PARTE I : "LOS CUATRO ANIMALES PUESTOS DE
RELIEVE EN EL CORAN"

El Mosquito

Dios no se avergüenza de proponer la parábola que sea, aunque se trate de un mosquito o incluso de algo más pequeño. Los que creen saben que es la Verdad, que viene de su Señor. En cuanto a los que no creen, dicen: "¿Qué es lo que se propone Dios con esta parábola?". Así extravía El a muchos y así también dirige a muchos. Pero no extravía así sino a los perversos. (Corán, 2:26)

En el Corán, como se mencionó en páginas anteriores, Dios apercibe frecuentemente a las personas para que investiguen la naturaleza y vean allí los "signos". Todas las existencias animadas e inanimadas en el universo están repletas de signos que revelan que fueron "hechas", con lo que se demuestra la potestad, el conocimiento y el arte del "hacedor". Le cabe al ser humano identificar esos signos haciendo uso de su discernimiento e inclinándose ante Dios.

Todos los seres vivientes llevan esos signos, pero hay algunos a los que Dios se refiere en el Corán de modo específico. El mosquito es uno de ellos. Se lo menciona en el versículo 2:26: Dios no se avergüenza de proponer la parábola que sea, aunque se trate de un mosquito. Los que creen saben que es la Verdad, venida de su Señor. En cuanto a los que no creen, dicen: "¿Qué es lo que se propone Dios con esta parábola?" Así extravía El a muchos y así también dirige a muchos. Pero no extravía así sino a los perversos.

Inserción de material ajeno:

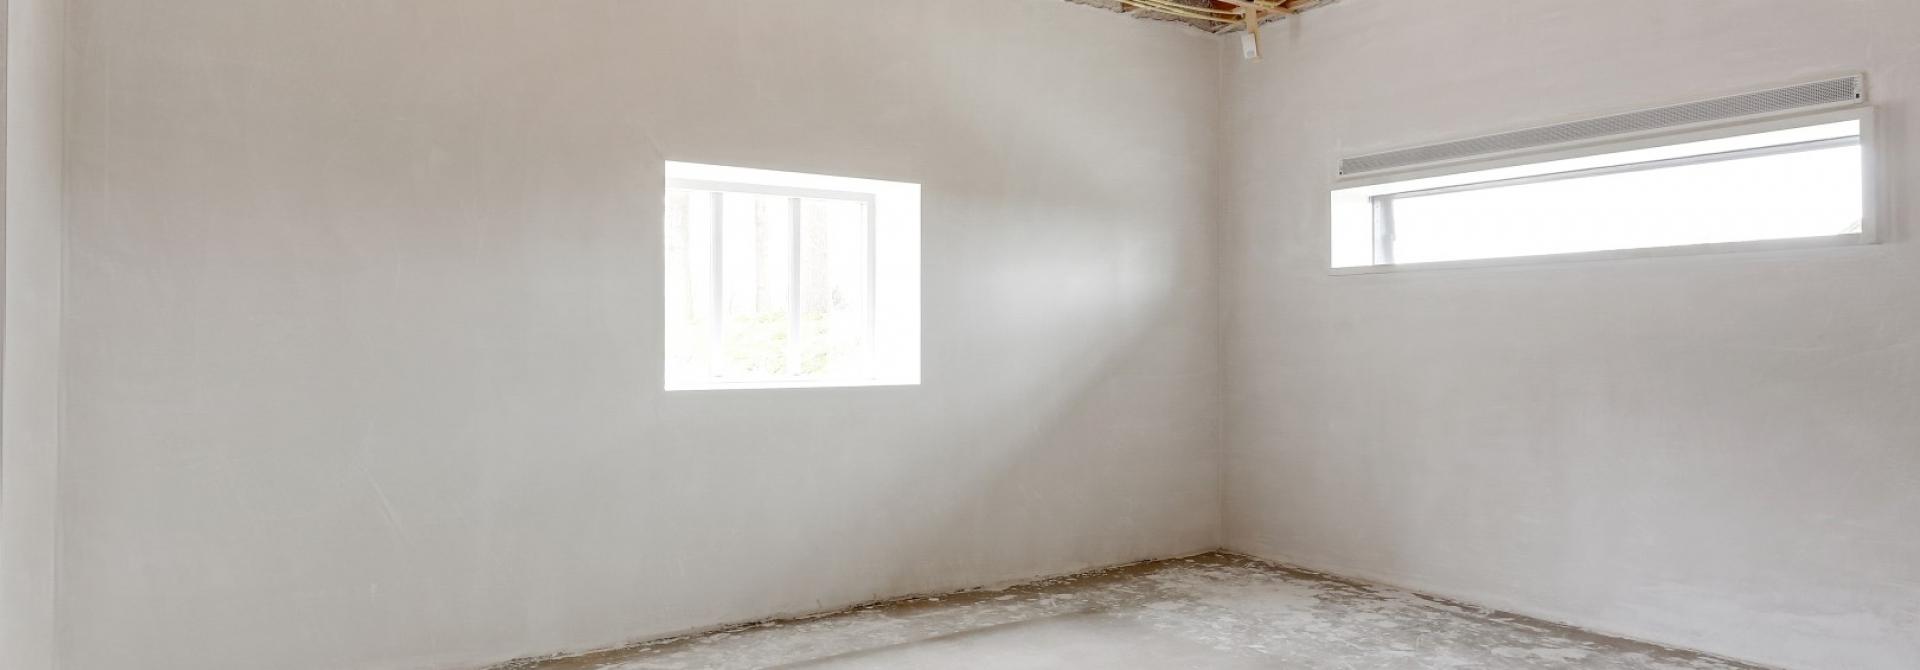 Boerderij foto – 13 slaapkamer beneden

Considerado un ser viviente ordinario e insignificante, incluso así y todo es valioso examinarlo y estudiarlo, puesto que sustenta los signos de Dios. Es por eso que "Dios no se avergüenza de proponer la parábola que sea, aunque se trate de un mosquito" o incluso algo más pequeño.

LA CONTINGENCIA EXTRAORDINARIA DEL MOSQUITO

Lo que se conoce generalmente del mosquito es que chupa la sangre y se alimenta de ella. Sin embargo, esto no es totalmente correcto porque no todos los mosquitos sino solamente las hembras succionan sangre. Además, la hembra no lo hace porque necesite alimento. Tanto el macho como la hembra se alimentan del néctar de las flores. La única razón por la que la hembra, a diferencia del macho, succiona sangre, es la necesidad que tiene de proteínas para ayudar al desarrollo de los huevos. En otras palabras, lo hace para asegurarse la perpetuación de la especie.

El proceso de desarrollo es uno de los aspectos más admirables y sorprendentes del mosquito. La historia resumida de la transformación de un ser viviente a partir de una pequeña larva, pasando por distintas etapas, en un mosquito, es de la manera que sigue.

Los huevos, alimentados con sangre para que se desarrollen, son depositados por la hembra sobre hojas húmedas o charcas que se han secado durante el verano o el otoño. Antes de hacer eso la madre inspecciona el terreno totalmente por medio de delicados receptores ubicados bajo el abdomen. Después de encontrar el lugar conveniente, comienza a depositar los huevos, los cuales, de una longitud menor de un milímetro, son dispuestos en filas, uno por uno o en grupo. Algunas especies depositan en forma de jangada unos 300 huevos.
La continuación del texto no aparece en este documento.